Tafsirs List > Tafsir

Tafsir

< >
View

وَقُلْنَا يَآءَادَمُ ٱسْكُنْ أَنْتَ وَزَوْجُكَ ٱلْجَنَّةَ وَكُلاَ مِنْهَا رَغَداً حَيْثُ شِئْتُمَا وَلاَ تَقْرَبَا هَـٰذِهِ ٱلشَّجَرَةَ فَتَكُونَا مِنَ ٱلْظَّٰلِمِينَ
٣٥
-Al-Baqarah ( البقرة )

Al Qushairi Tafsir

[2:35] And We said, 'Adam dwell and your wife in the Garden and eat thereof easefully where you desire; but do not come near this tree lest you be evildoers'.
He settled him in the Garden but with his entry established the tree of the trial. If not for the prior decree, this blossoming tree would have been changed to a withered one, its greenery dried out, its existence forgotten, and Adam's hand would not have reached to its leaves to piece them together onto himself, and what happened to him would not have happened. If this tree had kept growing so that his hand could not reach it, all that confusion would not have occurred in his affair, but what had been predetermined appeared from the decree. There was no place better than the Garden, no human being more intelligent than Adam, no better counselor than the words of the allusion of the Real to him. There was nothing odd (gharība) from [Adam] before he did what he did, and no resolve (ʿaẓīma) more powerful than his resolve. But divine power cannot be contested and the decree cannot be opposed (wa-lakinna'l-qudrata lā tukābara wa'l-ḥukma lā yuʿāra?a).
It is said when He said to him, 'dwell and your wife in the Garden and eat thereof easefully' there was an allusion to the fact that it is natural for created beings to dwell comfortably with other created beings, and to want to seek the good things of life. Alone, Adam (ʿa) had every good and well-being, but when one like him, the spouse, came, the fangs of sedition (anyāb al-fitna) appeared and the door to tribulation (bāb al-miḥna) was opened. When He dwelled together with Eve, he followed her in what she suggested to eat and what happened, happened.

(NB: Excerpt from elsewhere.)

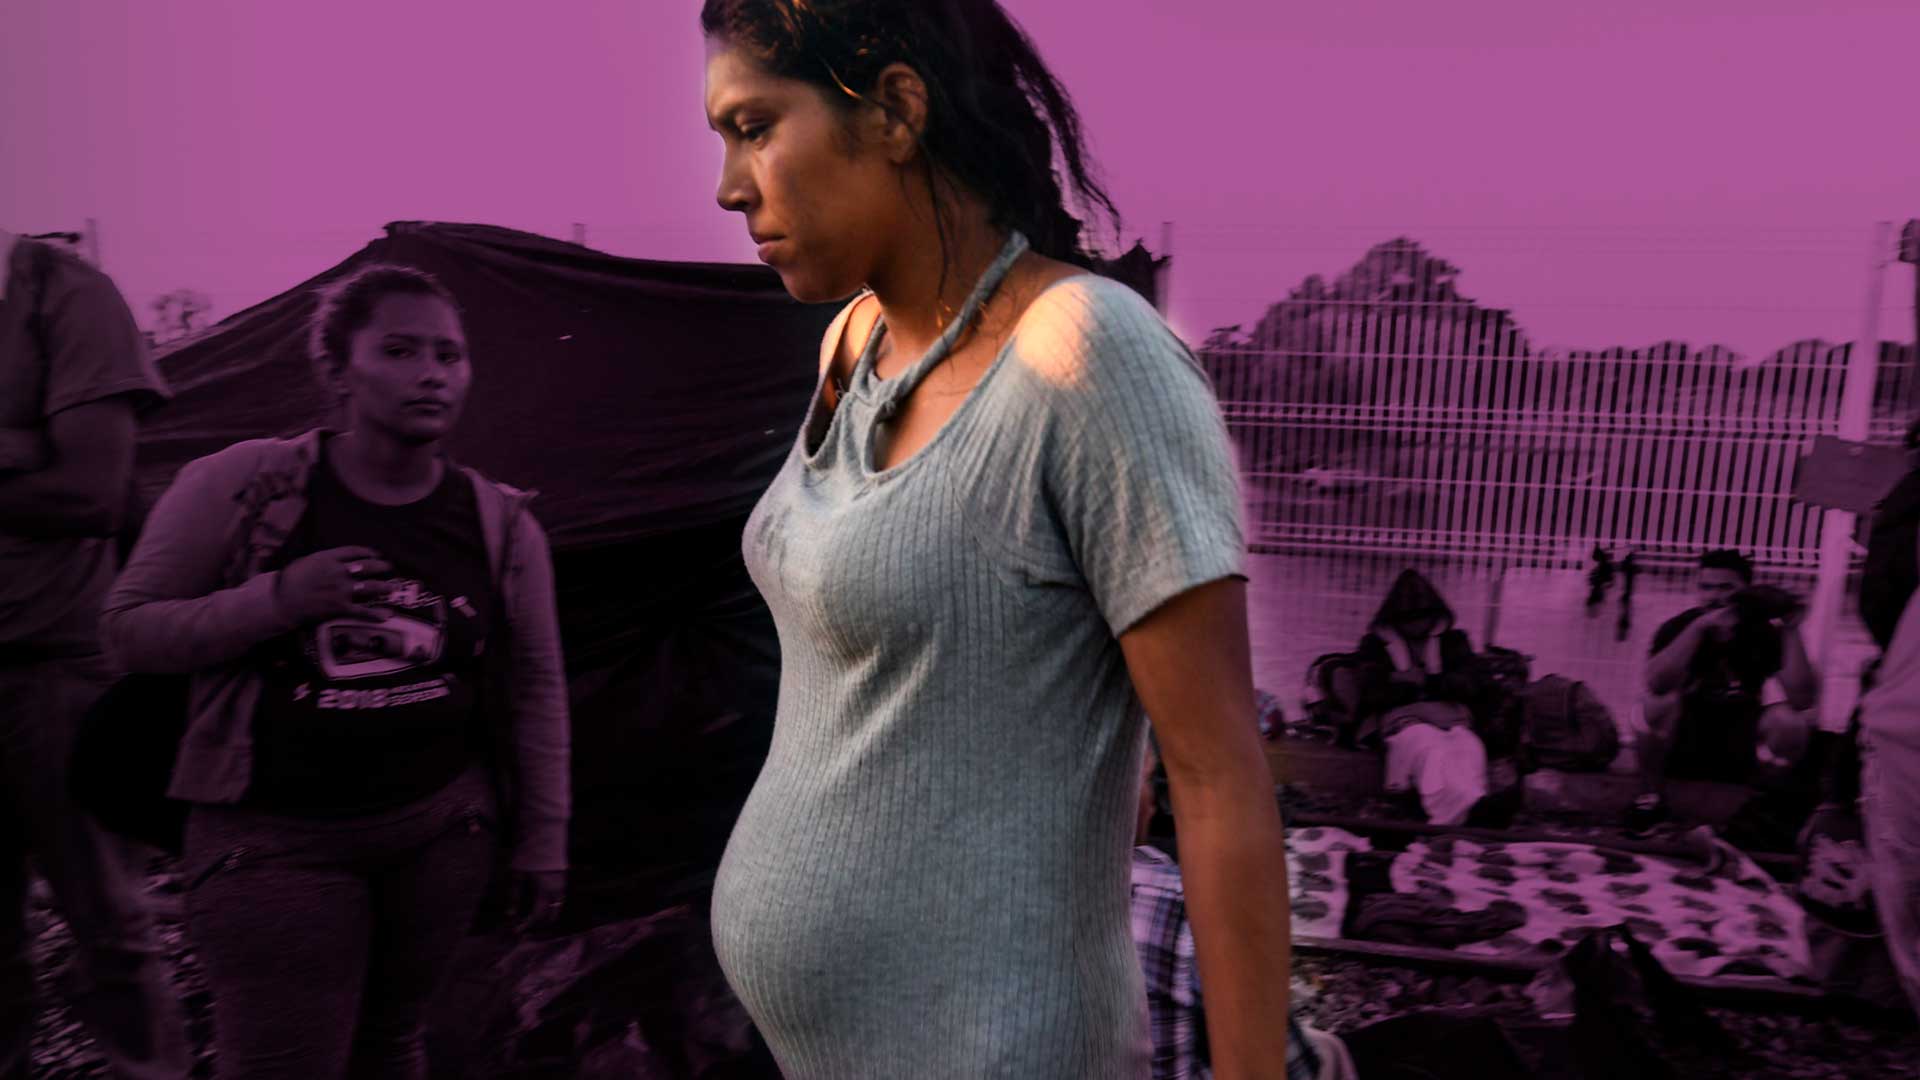 Mujeres migrantes que les retiraron el útero sufren de estrés postraumático

Indeed it is said:
There is an ancient disease
in the children of Adam,
which is the youthful passion
of one human being for another.
[Section] Whenever anything is prohibited to the son of Adam, his urgings to approach it increase. Everything was permitted to Adam (ʿa) in the Garden - only one tree was prohibited. In what has been transmitted about this, there is no mention of his hand reaching out towards anything that was permitted to him. [Rather] he lost his patience and plunged into what was prohibited to him - this is the attribute of created beings.
[Section] [God] gave information only on the end result of placing Adam in the Garden and doing what led to his expulsion from it. When He said, 'I am appointing on earth a vicegerent' [2:30], how could [Adam] have remained in the Garden?
It is said Adam (s) became the object of praise (maḥmūd) for the angels and the object for prostration (masjūd) for all. On his head was the crown of communion (wuṣla), on his waist the belt of closeness (qurba), and on his neck the necklace of nearness (zulfa). There was no one above him in rank (rutba), no individual like him in high status (rifʿa). The call was going out at every moment continuously for him, 'O Adam, O Adam!' But before nightfall his clothes were stripped from him, his intimacy robbed and the angels were driving him violently to leave without delay:
I thought I was safe but He ordained for me
a ruse from my place of security.
Like this are those
who think themselves safe from lovers.
When Adam (ʿa) lost his way, he did not remain but an hour and left with a thousand rebukes. It was as is said:
To Allah belongs the good deeds of youthfulness.
They set out in the morning
like kings and return at night
like paupers.
[Section] He prohibited him from approaching the tree by His command (bi-amrihi), and from this cast him away by His compelling force (bi-qahrihi), and disguised him with what He had hidden in him of His secret (bi-sirrihi).